We tested the position of
N. equitans in the archaeal phylogeny by using a dataset of concatenated ribosomal proteins larger than that used by Waters and colleagues [
13], a much broader taxonomic sampling, and without including any outgroup in order to reduce LBA. By applying phylogenetic approaches that accurately handle reconstruction biases, we show that the early emergence of
N. equitans observed in previous analyses probably resulted from an LBA artifact due to the fast evolutionary rate of this archaeon, possibly worsened by LGT affecting a fraction of its ribosomal proteins.
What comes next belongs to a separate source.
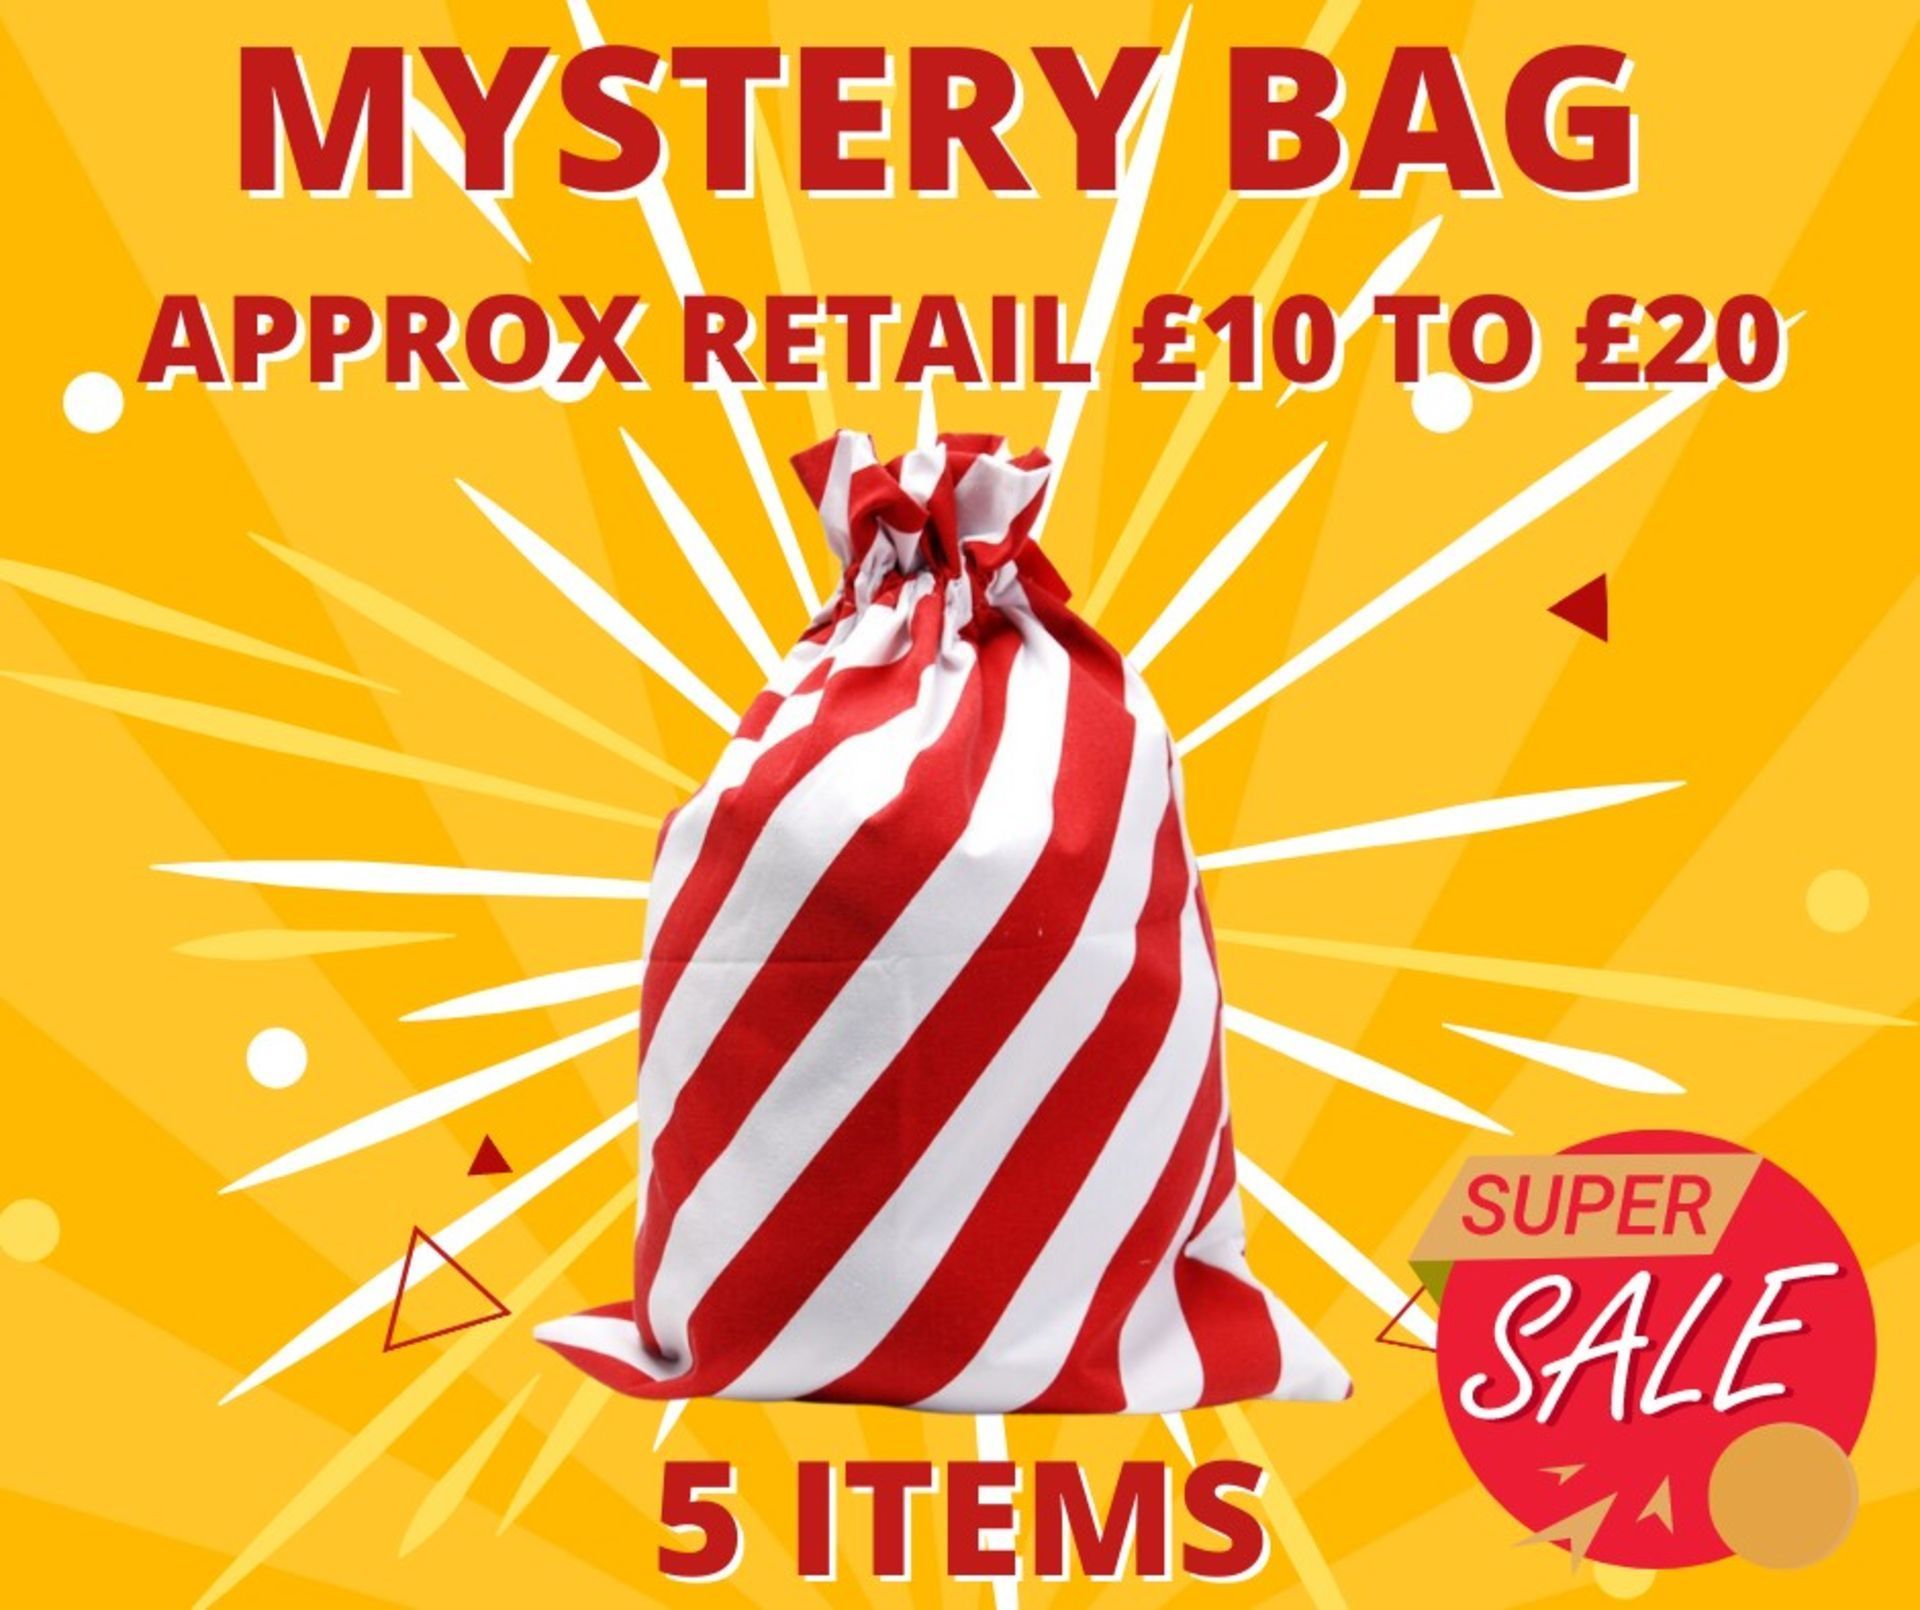 NEW MYSTERY BAG WITH 5 NEW ASSORTED AMAZON ITEMS - BOX CONTENTS RRP £10 TO £20 - PLUS 2 FREE DVD

Indeed, the phylogenies based on our new ribosomal protein dataset and on additional single genes suggest that
N. equitans is more likely to be a very divergent euryarchaeon - possibly a sister lineage of Thermococcales - than a new and ancestral archaeal phylum. This is consistent with further evidence gathered from close BLAST hits analyses on the whole genome complement of this taxon.